◆ SOURCE RECORDS
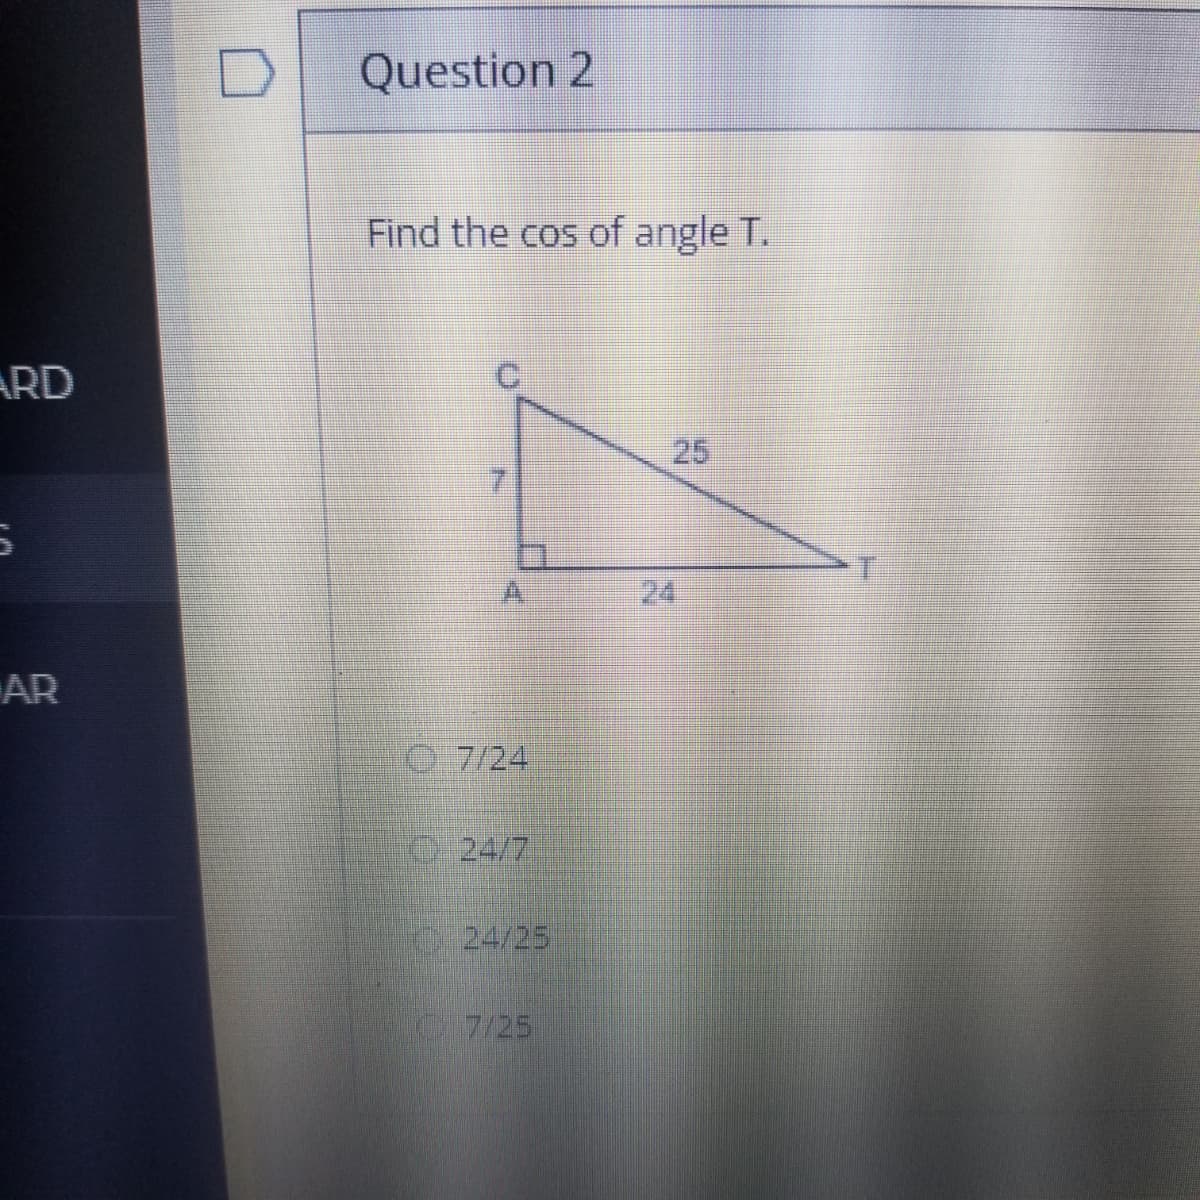 Question 2
Find the cos of angle T.
ARD
25
24
AR
O 7/24
O24/7
024/25
C7/25
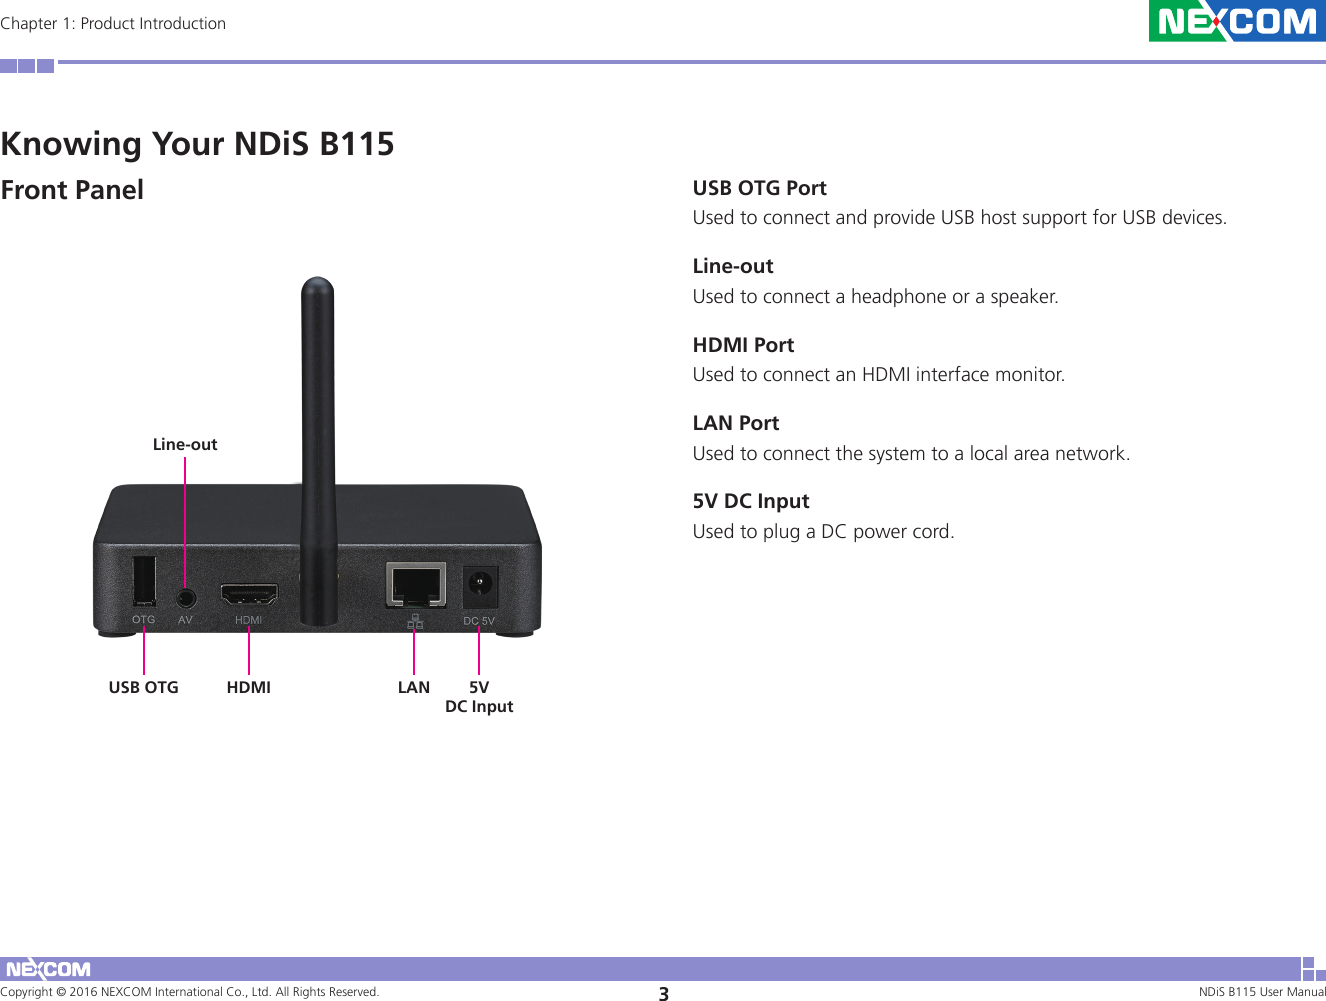 Copyright © 2016 NEXCOM International Co., Ltd. All Rights Reserved. 3NDiS B115 User Manual Chapter 1: Product IntroductionKnowing Your NDiS B115Front Panel USB OTG PortUsed to connect and provide USB host support for USB devices.Line-outUsed to connect a headphone or a speaker.HDMI PortUsed to connect an HDMI interface monitor.LAN PortUsed to connect the system to a local area network.5V DC InputUsed to plug a DC power cord.HDMI LANUSB OTGLine-out5VDC Input
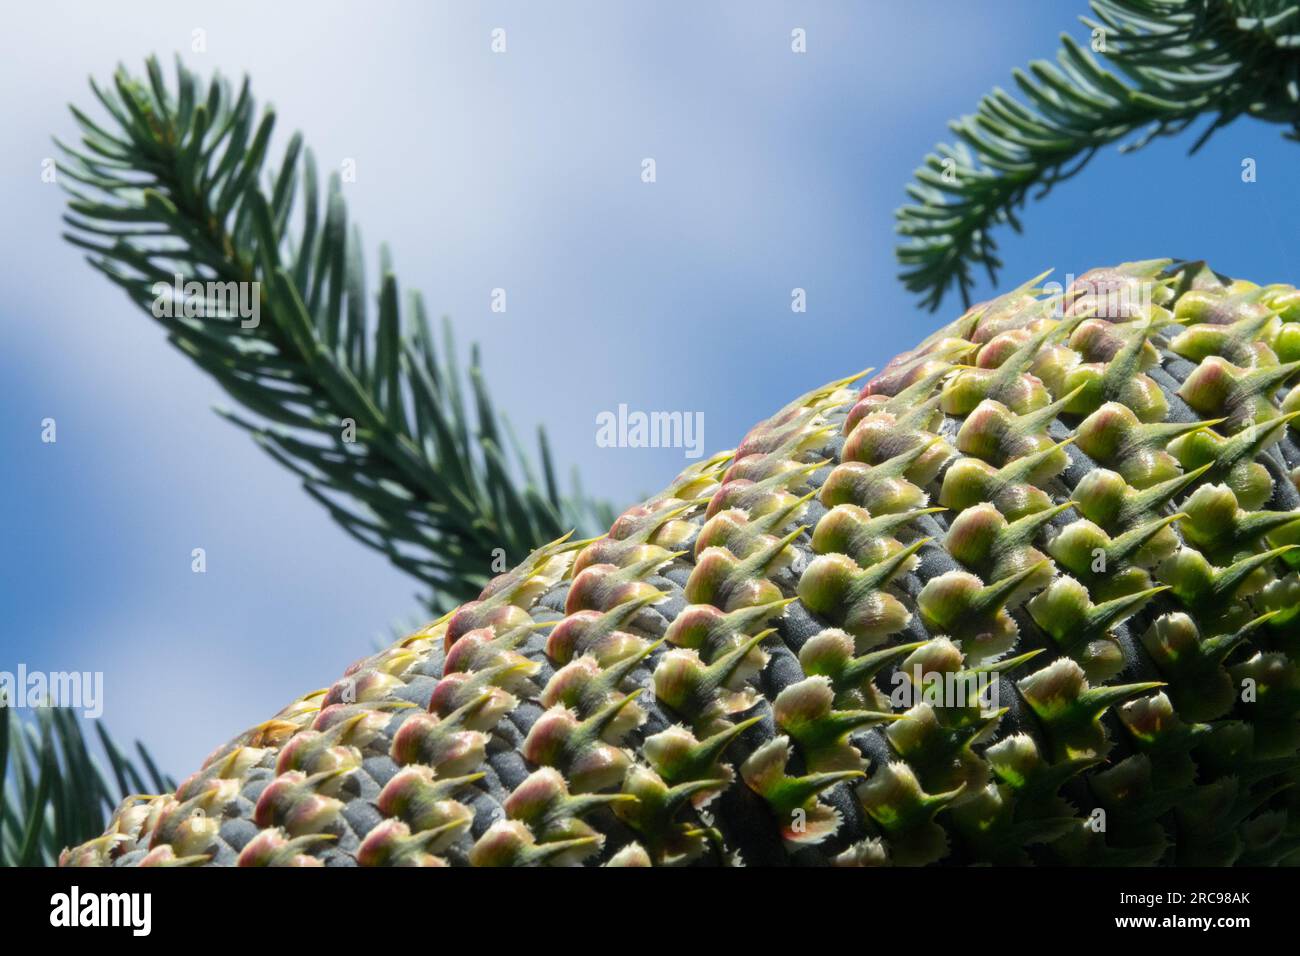 Abies cone texture surface close up Noble fir, Abies procera Stock Photo
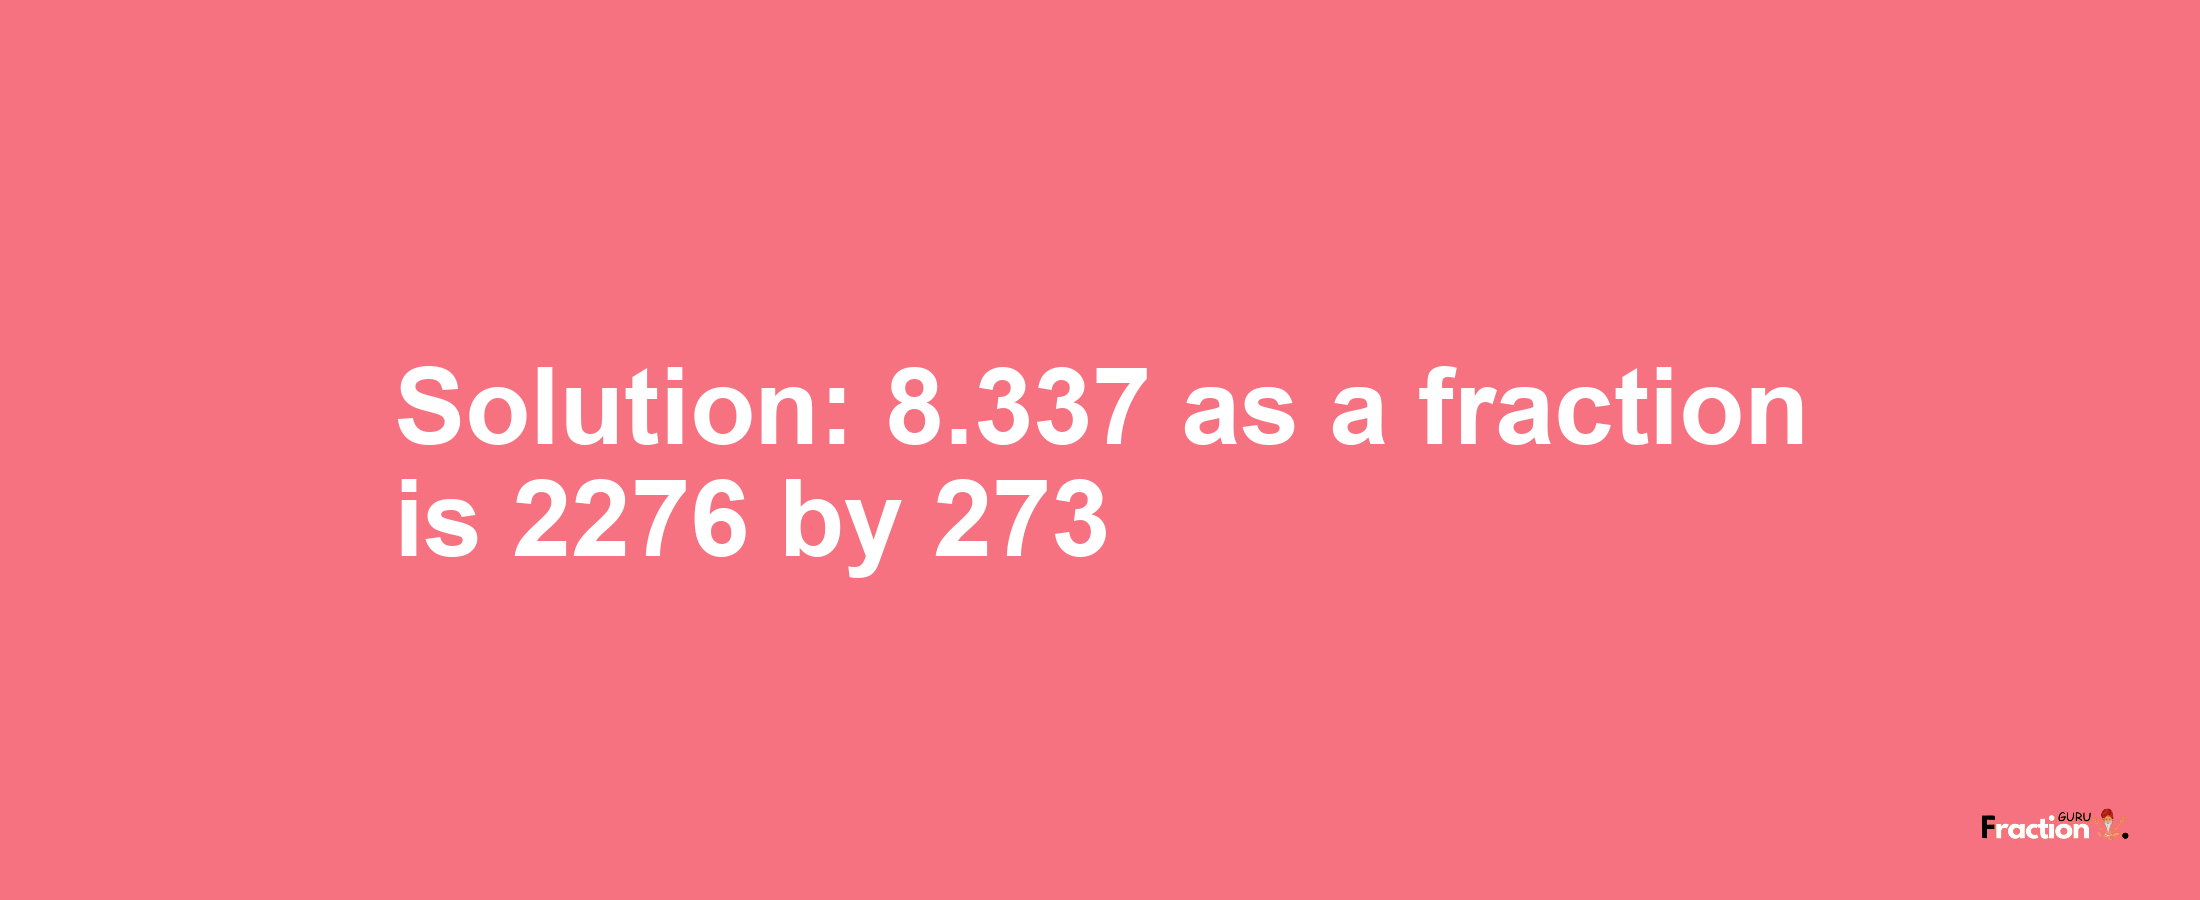 Solution:8.337 as a fraction is 2276/273

◆ WORK TO COMPLETE
The response should repeat every entry above exactly and include none of the pictures.

◆ TASK ANSWER
 Question 2
Find the cos of angle T.
ARD
25
24
AR
O 7/24
O24/7
024/25
C7/25
 Copyright © 2016 NEXCOM International Co., Ltd. All Rights Reserved. 3NDiS B115 User Manual Chapter 1: Product IntroductionKnowing Your NDiS B115Front Panel USB OTG PortUsed to connect and provide USB host support for USB devices.Line-outUsed to connect a headphone or a speaker.HDMI PortUsed to connect an HDMI interface monitor.LAN PortUsed to connect the system to a local area network.5V DC InputUsed to plug a DC power cord.HDMI LANUSB OTGLine-out5VDC Input
 Abies cone texture surface close up Noble fir, Abies procera Stock Photo
 Solution:8.337 as a fraction is 2276/273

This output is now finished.